This produces a dynamic **“speed race”** illustrating how quickly the Gaussian approximation stabilizes as $n$ grows.

## Distributional Effects on Convergence

Although the CLT holds whenever variance is finite, convergence speed varies substantially:

| Distribution | Behavior |
|-------------|---------|
Uniform | Very fast convergence |
Normal | Immediate baseline |
Exponential | Slower due to skewness |
Laplace | Moderate heavy tails |
Student-t (small df) | Very slow convergence |
Pareto ($\alpha\le 2$) | Infinite variance → CLT fails |
Cauchy | No mean/variance → CLT fails |

Heavy-tailed distributions can slow convergence dramatically, and in infinite-variance cases the classical Gaussian CLT does not apply.

## Interpretation

If the CLT approximation is accurate:

* The histogram of $Z_n$ approaches the standard normal density  
* The ECDF difference approaches zero  
* The KS distance decreases  
* The curves stabilize as $n$ grows  

If variance is infinite, stabilization does **not** occur — and this is theoretically correct.

## Purpose

This notebook aims to:

* Compare convergence speeds across distributions  
* Build intuition for finite-sample normal approximation  
* Demonstrate when Gaussian approximation is reliable  
* Illustrate when and why it fails  

## Reproducibility

All simulations are vectorized NumPy operations with a fixed random seed for deterministic replication.

---

**Author:** Muhammed İkbal Yılmaz  
**Email:** myucanlar@gmail.com


In [13]:
import numpy as np
import matplotlib.pyplot as plt
import ipywidgets as W
import math, os, shutil, subprocess
from math import sqrt, pi
from datetime import datetime
from pathlib import Path
from IPython.display import display, clear_output

# ---- Backend ----
INTERACTIVE = False
try:
    import ipympl  # noqa
    get_ipython().run_line_magic("matplotlib", "widget")
    INTERACTIVE = True
except Exception:
    try:
        get_ipython().run_line_magic("matplotlib", "inline")
    except Exception:
        pass

# ---- Styling ----
plt.rcParams.update({
    "font.family": "serif",
    "font.serif": ["Times New Roman", "DejaVu Serif"],
    "font.size": 12,
    "axes.titlesize": 13,
    "axes.labelsize": 12,
    "figure.titlesize": 14,
})

# ---- Normal CDF/PDF (no SciPy) ----
_erf = np.vectorize(math.erf)
Phi = lambda x: 0.5 * (1 + _erf(np.asarray(x) / sqrt(2)))
phi = lambda x: (1 / sqrt(2 * pi)) * np.exp(-0.5 * np.asarray(x) ** 2)

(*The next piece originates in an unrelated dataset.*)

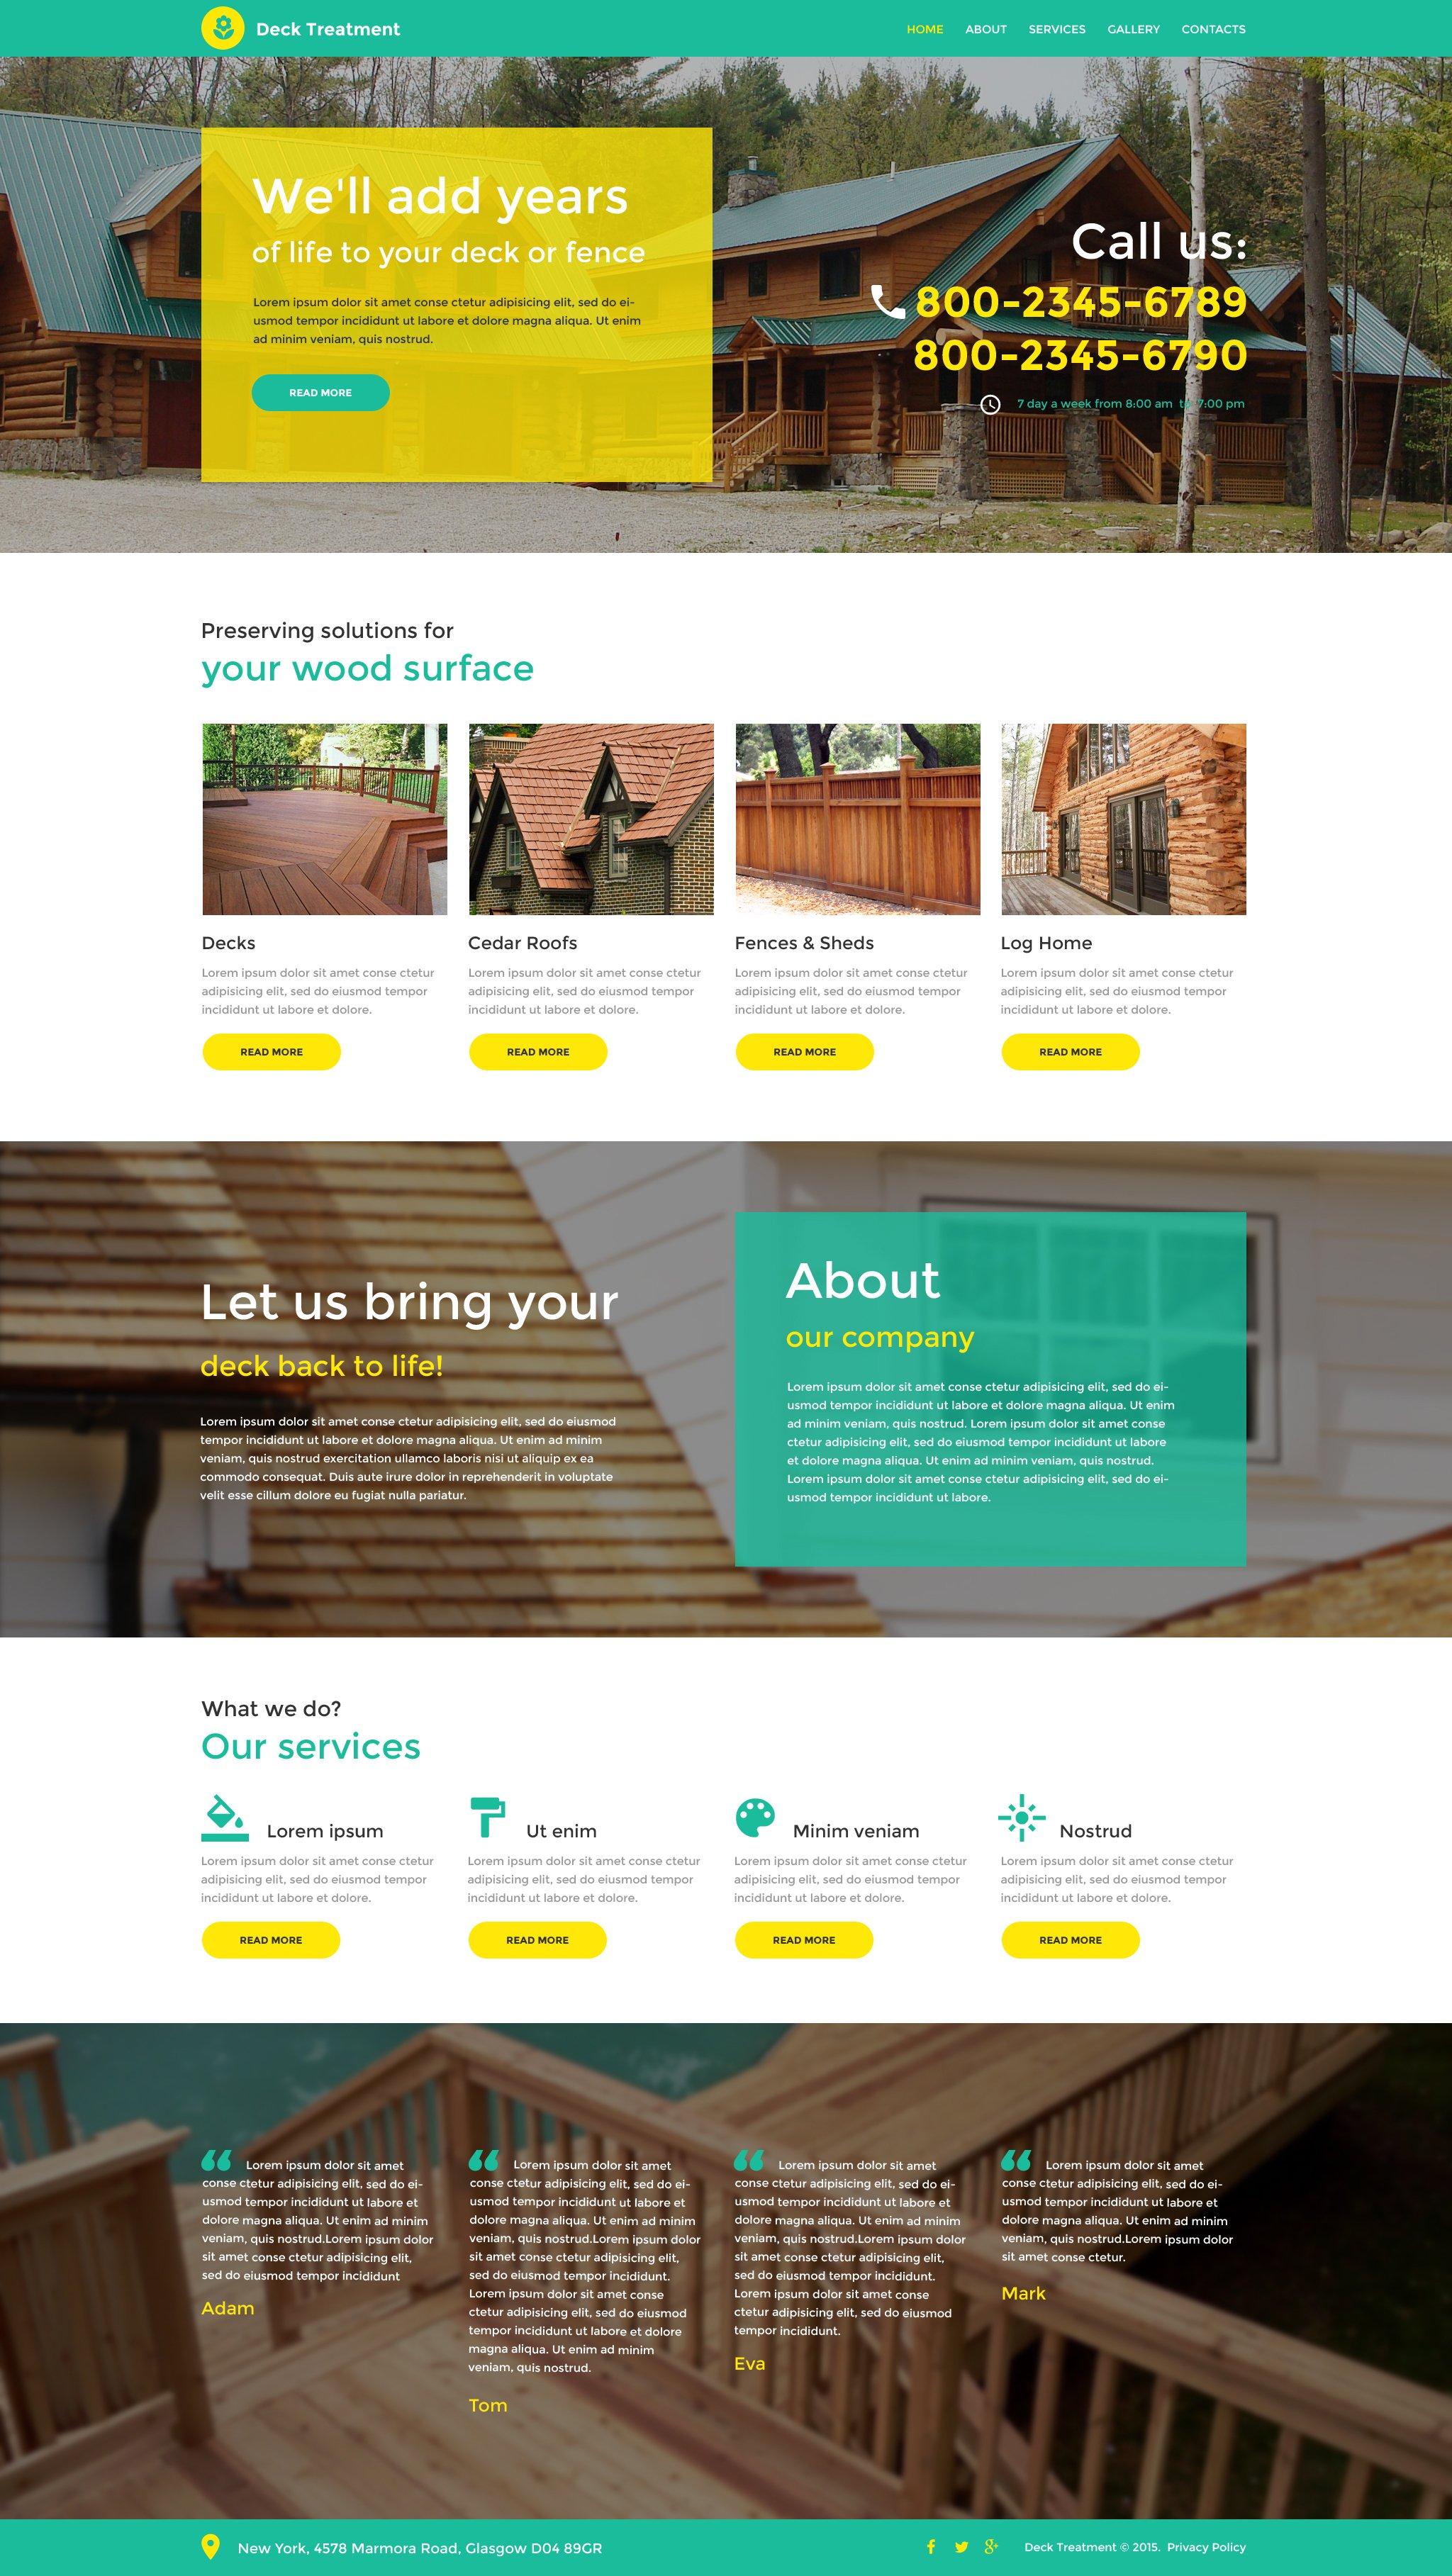 Plantilla Web Responsive para Sitio de Diseño interior #56073 - captura de pantalla
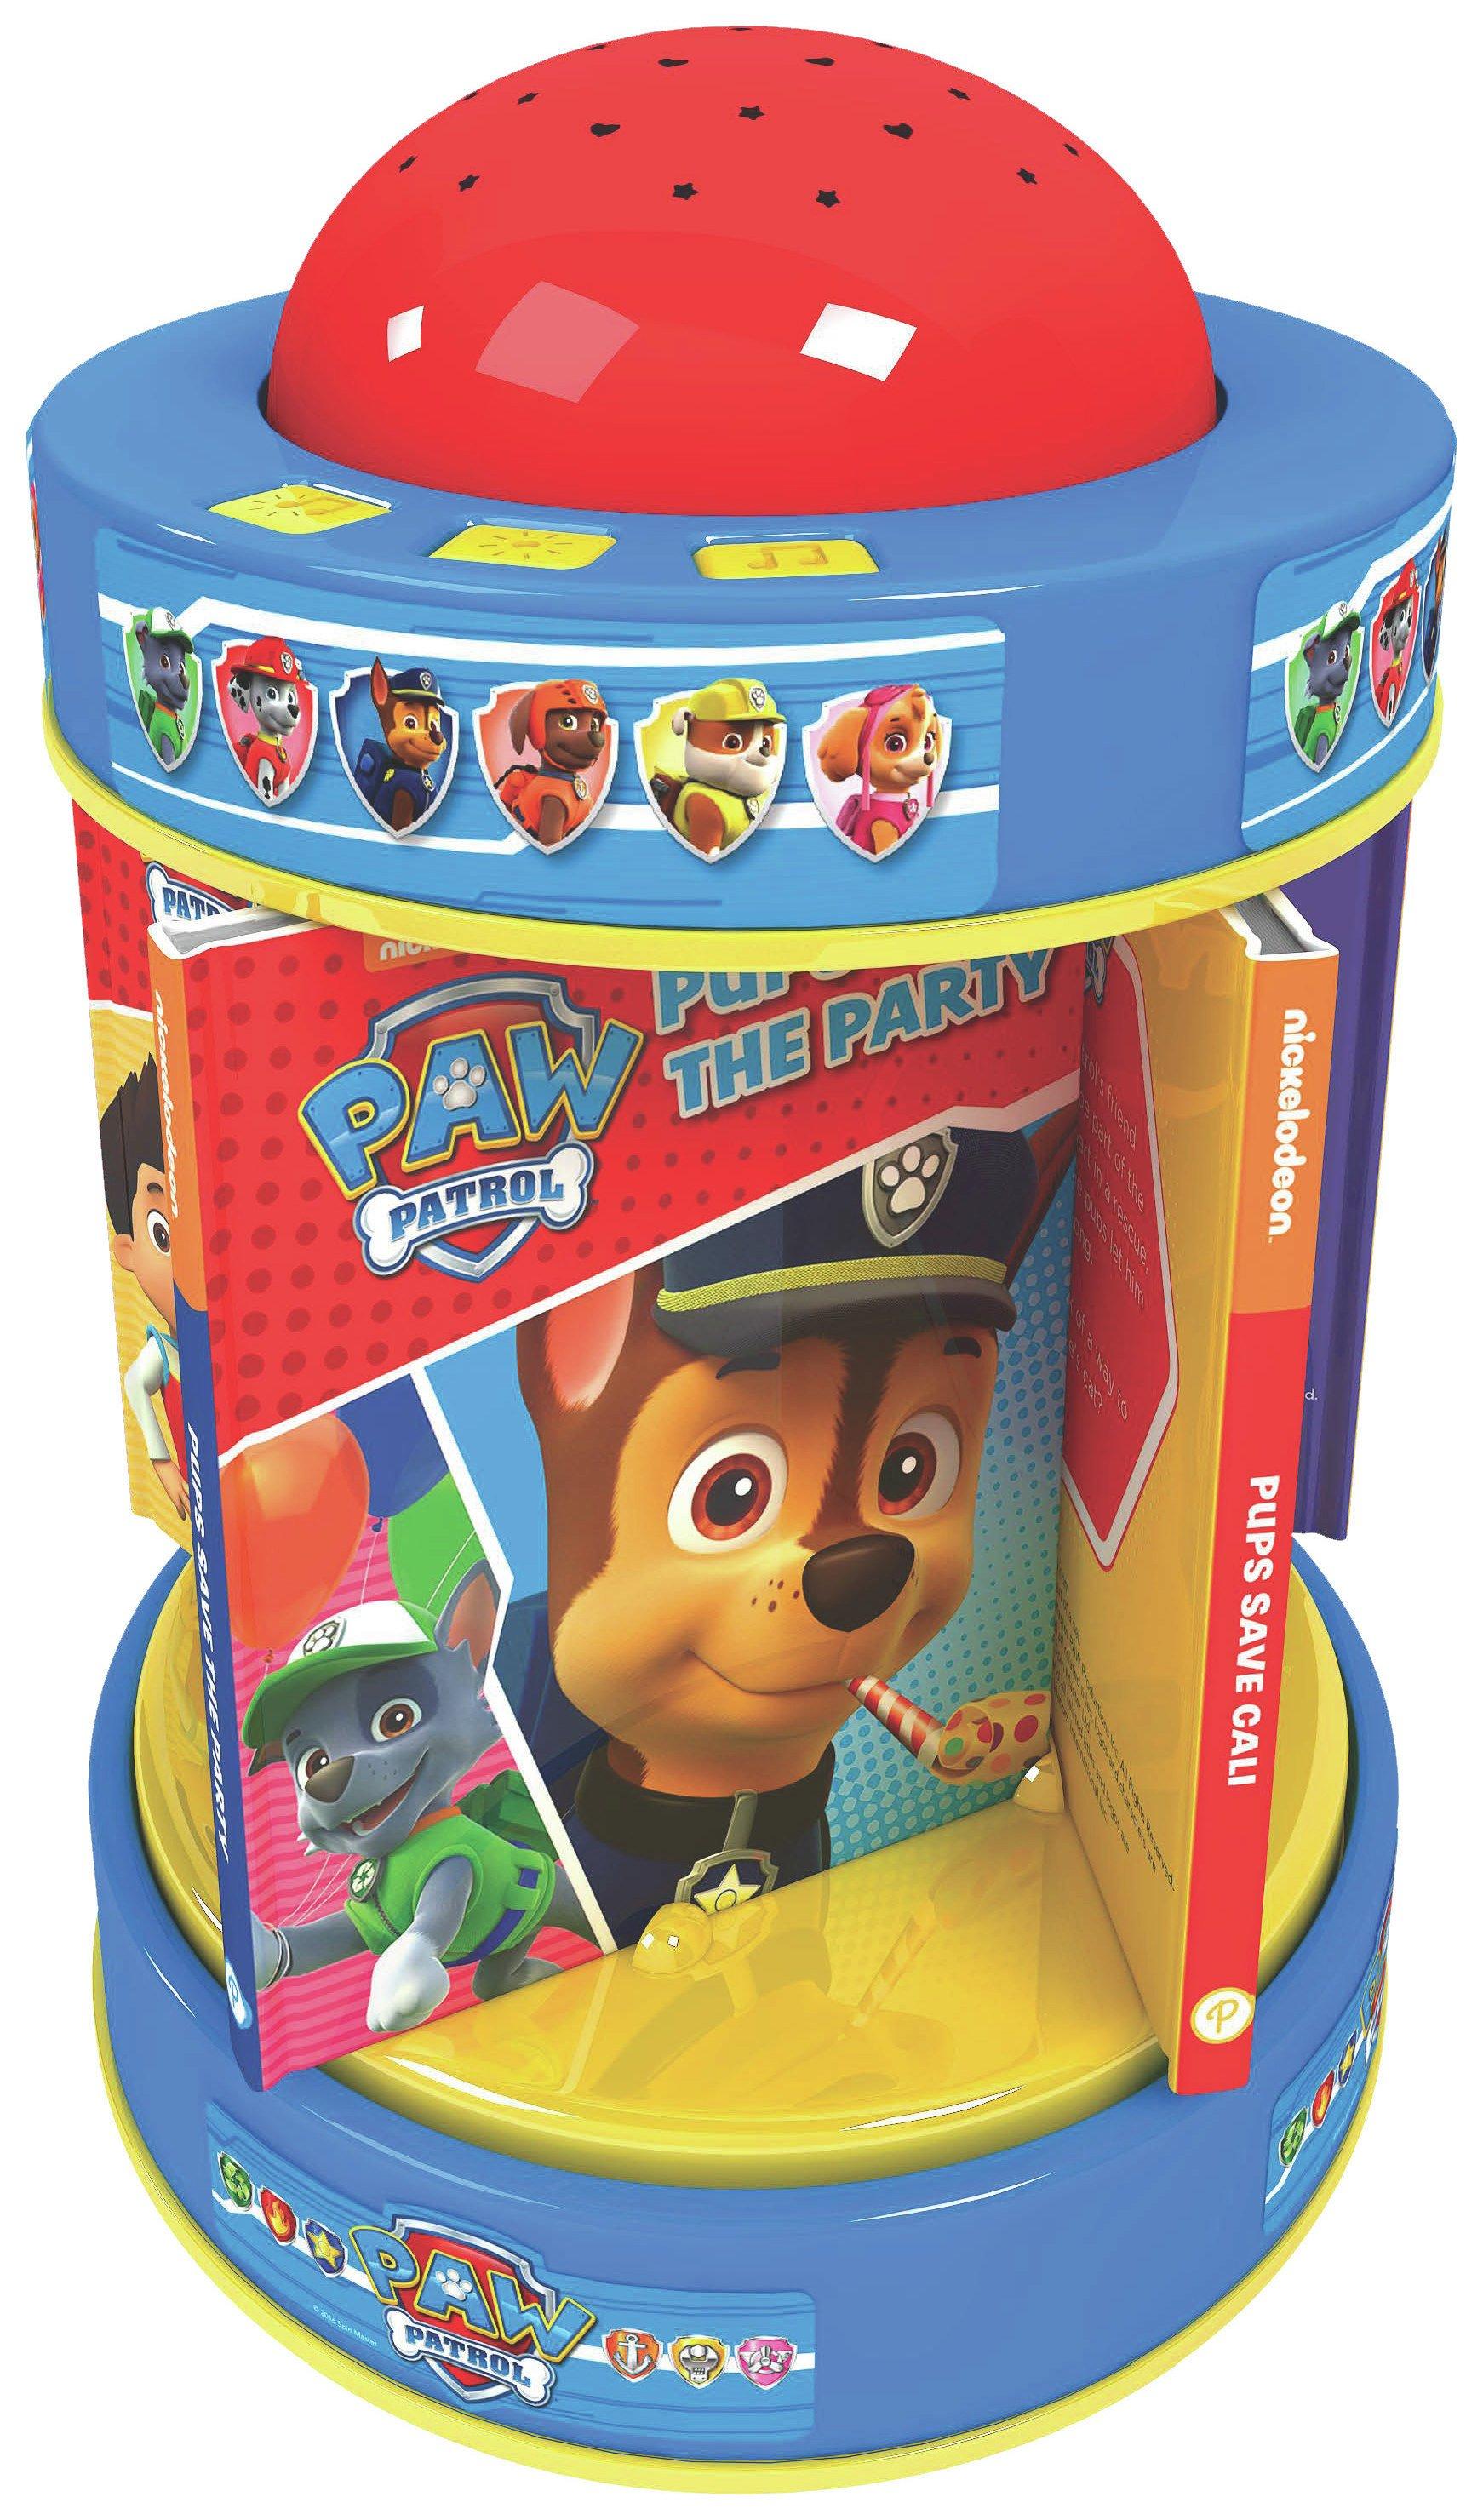 Nickelodeon Paw Patrol Sweet Dreams Library Carousel.

DISTS = ["Normal","Uniform","Exponential","Laplace","Lognormal","Chi-square","F","Student-t","Pareto","Cauchy"]

def moments(d, p):
    if d == "Normal":      return p["mu"], p["sg"]
    if d == "Uniform":
        a, b = p["a"], max(p["b"], p["a"] + 1e-12)
        return 0.5*(a+b), sqrt((b-a)**2/12)
    if d == "Exponential": s = p["sc"]; return s, s
    if d == "Laplace":     return p["mu"], sqrt(2)*p["b"]
    if d == "Lognormal":
        m, s = p["ml"], p["sl"]
        mu = np.exp(m + 0.5*s*s)
        var = (np.exp(s*s)-1) * np.exp(2*m + s*s)
        return mu, sqrt(var)
    if d == "Chi-square":  df = p["df"]; return df, sqrt(2*df)
    if d == "F":
        d1, d2 = p["d1"], p["d2"]
        mu = (d2/(d2-2)) if d2 > 2 else None
        sg = (sqrt((2*(d2**2)*(d1+d2-2))/(d1*((d2-2)**2)*(d2-4)))) if d2 > 4 else None
        return mu, sg
    if d == "Student-t":
        df = p["df"]
        return (0.0 if df > 1 else None), (sqrt(df/(df-2)) if df > 2 else None)
    if d == "Pareto":
        xm, a = p["xm"], p["al"]
        mu = (a*xm/(a-1)) if a > 1 else None
        sg = (sqrt((a*xm*xm)/(((a-1)**2)*(a-2)))) if a > 2 else None
        return mu, sg
    return None, None

def draw(d, rng, shape, p):
    if d == "Normal":      return rng.normal(p["mu"], p["sg"], size=shape)
    if d == "Uniform":     return rng.uniform(p["a"], max(p["b"], p["a"] + 1e-12), size=shape)
    if d == "Exponential": return rng.exponential(p["sc"], size=shape)
    if d == "Laplace":     return rng.laplace(p["mu"], p["b"], size=shape)
    if d == "Lognormal":   return rng.lognormal(p["ml"], p["sl"], size=shape)
    if d == "Chi-square":  return rng.chisquare(p["df"], size=shape)
    if d == "F":           return rng.f(p["d1"], p["d2"], size=shape)
    if d == "Student-t":   return rng.standard_t(p["df"], size=shape)
    if d == "Pareto":      return p["xm"] * (1 + rng.pareto(p["al"], size=shape))
    return rng.standard_t(1.0, size=shape)  # Cauchy

def ns_path(nmax, steps, n0=10):
    return np.unique(np.round(np.exp(np.linspace(np.log(n0), np.log(nmax), steps))).astype(int))

def safe_slug(s):
    return "".join(c if c.isalnum() or c in "-_." else "_" for c in str(s))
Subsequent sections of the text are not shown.